Saat ini di DPR sedang dibahas RUU Kesetaraan dan Keadilan
Gender (KKG) yang diusulkan pemerintah. RUU ini berusaha menempatkan wanita
pada kedudukan yang setara dengan laki-laki. Sejak awal RUU KKG itu menuai
protes, penentangan dan penolakan dari berbagai elemen termasuk ormas-ormas
muslim. RUU KKG itu dinilai bertentangan dengan Aqidah Islam, berbahaya dan
merusak bagi masyarakat.
Dalam Pasal 1 ayat 2 menyebutkan “Kesetaraan Gender adalah
kondisi dan posisi yang menggambarkan kemitraan yang selaras, serasi, dan
seimbang antara perempuan dan laki-laki dalam akses, partisipasi, kontrol dalam
proses pembangunan, dan penikmatan manfaat yang sama dan adil di semua bidang
kehidupan.”
Pasal ini tentu berbahaya dan bertentangan dengan ajaran
Islam. Aturan – aturan Islam mengenai hukum waris, aturan berpakaian, larangan
perempuan menjadi pemimpin negara/penguasa, tanggung jawab keibuan, relasi
suami istri, aqiqah, kewajiban menafkahi bagi suami, kewajiban mendidik anak-anak
bagi kaum Ibu dan masih banyak yang lain, tentu menjadi bersebarangan dengan
pasal tersebut. Apakah seperti itu makna keadilan di negeri ini. Bukankah keadilan
adalah menempatkan segala sesuatu sesuai kadarnya.

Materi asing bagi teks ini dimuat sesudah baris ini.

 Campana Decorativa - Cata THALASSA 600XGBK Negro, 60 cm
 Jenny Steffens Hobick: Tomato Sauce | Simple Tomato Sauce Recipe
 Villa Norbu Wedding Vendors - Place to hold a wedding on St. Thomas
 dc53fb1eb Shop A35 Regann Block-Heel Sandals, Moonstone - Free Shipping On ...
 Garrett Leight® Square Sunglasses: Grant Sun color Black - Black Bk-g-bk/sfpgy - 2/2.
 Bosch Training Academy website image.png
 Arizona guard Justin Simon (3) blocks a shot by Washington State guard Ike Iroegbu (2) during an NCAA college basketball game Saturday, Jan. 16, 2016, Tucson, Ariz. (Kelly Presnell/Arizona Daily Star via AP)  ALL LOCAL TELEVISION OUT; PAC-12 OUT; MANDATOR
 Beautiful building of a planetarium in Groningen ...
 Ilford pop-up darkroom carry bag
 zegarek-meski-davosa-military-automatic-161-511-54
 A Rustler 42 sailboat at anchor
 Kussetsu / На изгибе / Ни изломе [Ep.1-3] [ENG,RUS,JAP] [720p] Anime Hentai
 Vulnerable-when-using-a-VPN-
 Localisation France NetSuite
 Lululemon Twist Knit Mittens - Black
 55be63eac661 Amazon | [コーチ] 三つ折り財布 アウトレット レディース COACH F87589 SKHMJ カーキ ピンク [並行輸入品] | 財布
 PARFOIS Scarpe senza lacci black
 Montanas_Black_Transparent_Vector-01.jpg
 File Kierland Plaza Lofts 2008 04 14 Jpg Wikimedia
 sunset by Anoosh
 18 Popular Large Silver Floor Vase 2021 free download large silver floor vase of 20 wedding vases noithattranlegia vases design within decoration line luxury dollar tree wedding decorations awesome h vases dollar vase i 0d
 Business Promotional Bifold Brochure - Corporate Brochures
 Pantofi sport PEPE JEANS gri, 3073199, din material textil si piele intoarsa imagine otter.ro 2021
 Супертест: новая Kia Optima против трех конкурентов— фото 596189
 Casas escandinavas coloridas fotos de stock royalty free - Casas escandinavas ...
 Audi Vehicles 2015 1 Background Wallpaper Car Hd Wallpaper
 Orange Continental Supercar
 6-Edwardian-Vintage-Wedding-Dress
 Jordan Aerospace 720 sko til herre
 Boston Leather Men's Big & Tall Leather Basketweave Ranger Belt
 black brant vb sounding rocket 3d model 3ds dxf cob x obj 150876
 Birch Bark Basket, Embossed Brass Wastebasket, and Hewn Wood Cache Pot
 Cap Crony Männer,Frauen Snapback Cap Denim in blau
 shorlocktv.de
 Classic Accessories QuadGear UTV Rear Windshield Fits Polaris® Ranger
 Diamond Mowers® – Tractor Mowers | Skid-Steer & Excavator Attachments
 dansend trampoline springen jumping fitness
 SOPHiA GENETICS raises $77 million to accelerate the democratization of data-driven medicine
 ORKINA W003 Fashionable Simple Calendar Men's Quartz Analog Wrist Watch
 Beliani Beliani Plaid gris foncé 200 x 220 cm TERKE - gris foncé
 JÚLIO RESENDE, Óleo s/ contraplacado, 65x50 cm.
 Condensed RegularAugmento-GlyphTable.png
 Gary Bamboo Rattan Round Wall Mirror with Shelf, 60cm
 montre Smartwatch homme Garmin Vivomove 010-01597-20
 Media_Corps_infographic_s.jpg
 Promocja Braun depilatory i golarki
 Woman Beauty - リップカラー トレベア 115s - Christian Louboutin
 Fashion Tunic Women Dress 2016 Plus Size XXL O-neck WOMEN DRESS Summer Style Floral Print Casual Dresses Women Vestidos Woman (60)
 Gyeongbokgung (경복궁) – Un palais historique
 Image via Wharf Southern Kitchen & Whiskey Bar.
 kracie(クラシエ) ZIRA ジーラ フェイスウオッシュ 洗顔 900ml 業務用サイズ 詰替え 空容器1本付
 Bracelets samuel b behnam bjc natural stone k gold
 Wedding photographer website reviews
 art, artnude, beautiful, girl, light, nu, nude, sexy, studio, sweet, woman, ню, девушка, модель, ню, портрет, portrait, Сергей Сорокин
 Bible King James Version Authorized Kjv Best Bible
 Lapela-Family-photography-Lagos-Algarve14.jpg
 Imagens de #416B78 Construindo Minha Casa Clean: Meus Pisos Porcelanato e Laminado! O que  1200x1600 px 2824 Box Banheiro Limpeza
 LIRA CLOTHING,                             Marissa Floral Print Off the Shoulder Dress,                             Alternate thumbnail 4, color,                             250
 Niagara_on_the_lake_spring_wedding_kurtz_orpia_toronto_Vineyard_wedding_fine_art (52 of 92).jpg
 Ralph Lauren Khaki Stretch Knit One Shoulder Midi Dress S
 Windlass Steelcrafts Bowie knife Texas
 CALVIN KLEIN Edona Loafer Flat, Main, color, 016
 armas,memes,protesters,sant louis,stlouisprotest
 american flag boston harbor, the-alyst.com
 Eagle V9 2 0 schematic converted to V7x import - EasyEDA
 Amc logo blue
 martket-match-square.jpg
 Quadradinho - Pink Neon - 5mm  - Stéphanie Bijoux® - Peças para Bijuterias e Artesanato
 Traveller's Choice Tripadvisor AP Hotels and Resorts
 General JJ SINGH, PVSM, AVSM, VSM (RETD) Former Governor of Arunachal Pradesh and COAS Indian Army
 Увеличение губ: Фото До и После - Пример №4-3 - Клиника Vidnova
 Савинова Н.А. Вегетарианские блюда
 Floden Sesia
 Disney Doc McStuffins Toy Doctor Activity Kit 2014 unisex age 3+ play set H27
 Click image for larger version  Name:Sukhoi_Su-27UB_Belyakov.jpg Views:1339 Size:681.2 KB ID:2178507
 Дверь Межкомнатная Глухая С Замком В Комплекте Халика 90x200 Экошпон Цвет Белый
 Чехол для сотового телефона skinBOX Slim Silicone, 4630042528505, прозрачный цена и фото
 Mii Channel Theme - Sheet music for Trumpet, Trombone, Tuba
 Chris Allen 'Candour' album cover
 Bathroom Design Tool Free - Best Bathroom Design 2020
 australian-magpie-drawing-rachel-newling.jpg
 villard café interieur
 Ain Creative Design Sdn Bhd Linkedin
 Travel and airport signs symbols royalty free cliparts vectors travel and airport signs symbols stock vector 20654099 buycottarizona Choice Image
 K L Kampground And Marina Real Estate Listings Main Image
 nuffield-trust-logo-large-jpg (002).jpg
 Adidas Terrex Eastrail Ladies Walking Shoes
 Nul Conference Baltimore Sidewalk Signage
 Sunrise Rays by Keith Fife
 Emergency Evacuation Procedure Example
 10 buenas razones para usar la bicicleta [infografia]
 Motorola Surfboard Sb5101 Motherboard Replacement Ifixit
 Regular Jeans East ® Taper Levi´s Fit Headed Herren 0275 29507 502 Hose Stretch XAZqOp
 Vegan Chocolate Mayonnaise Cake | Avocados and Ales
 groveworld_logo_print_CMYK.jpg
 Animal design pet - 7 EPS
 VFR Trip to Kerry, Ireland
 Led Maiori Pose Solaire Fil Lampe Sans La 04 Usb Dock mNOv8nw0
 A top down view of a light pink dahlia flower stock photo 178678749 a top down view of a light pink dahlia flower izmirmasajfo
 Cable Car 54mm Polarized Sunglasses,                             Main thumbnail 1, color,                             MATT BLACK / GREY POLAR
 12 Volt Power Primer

Pasal 3 huruf f menyatakan akan menghapus segala praktik
yang didasarkan atas inferioritas atau superioritas salah satu jenis kelamin
atau berdasarkan peranan stereotype bagi perempuan dan laki-laki. Artinya,
peran khas laki-laki sebagai suami dan pemimpin bagi wanita dan peran khas
perempuan sebagai isteri, ibu dan pengatur rumah tangga adalah pembakuan peran
(tidak fleksibel) sehingga harus dihapus.
Pasal 9 ayat (1) menyatakan kesempatan yang sama dan
perlakuan yang adil dalam pemenuhan hak kesehatan reproduksi, hak pendidikan,
hak ekonomi dan ketenagakerjaan, keterwakilan perempuan, perkawinan dan
hubungan keluarga.
Keadilan pada hak ekonomi meniadakan perlunya izin
suami/keluarga bagi perempuan untuk bekerja. Terpenuhinya hak reproduksi
mencakup ketidakharusan izin suami soal sterilisasi dan aborsi. Perempuan harus
dijamin mendapatkan informasi dan pelayanan kesehatan seksual dan reproduksi,
termasuk kemudahan mendapatkan kontrasepsi untuk mengurangi tingkat aborsi
tidak aman dan kehamilan.
Pasal 4 ayat 2 mengharuskan terpenuhinya kuota 30% dalam hal
keterwakilan perempuan di legislatif, eksekutif, yudikatif, dan berbagai
lembaga pemerintahan non-kementerian, lembaga politik, dan lembaga
non-pemerintah, lembaga masyarakat di tingkat daerah, nasional, regional dan
internasional. Pasal ini seolah – olah memaksakan adanya perempuan dengan
jumlah tertentu di setiap kantor pemerintah. Parahnya, hal ini akan memperkecil
peran perempuan sebagai ibu rumah tangga dan pendidikan anak – anak di rumah. Lalu,
merelakan anak – anak di rumah diserahkan dan dididik oleh seorang baby sitter
atau pembantu rumah tangga.
Dalam RUU ini juga disebutkan,
Dalam perkawinan, setiap orang berhak:
memasuki jenjang perkawinan dan memilih suami
atau isteri secara bebas;
memiliki relasi yang setara antara suami dan
isteri;
Saat ini tengah marak fenomena lesbi dan gay. Ayat ini
justru mengamini perkawinan – perkawinan sejenis dengan membawa dalih pasal dan
ayat tersebut.
RUU-KKG tidak menyebutkan agama sebagai salah satu asasnya.
Karenanya dapat dikatakan bahwa RUU tersebut adalah produk liberalisme yang
bertentangan dengan agama dan budaya yang dianut oleh masyarakat Indonesia.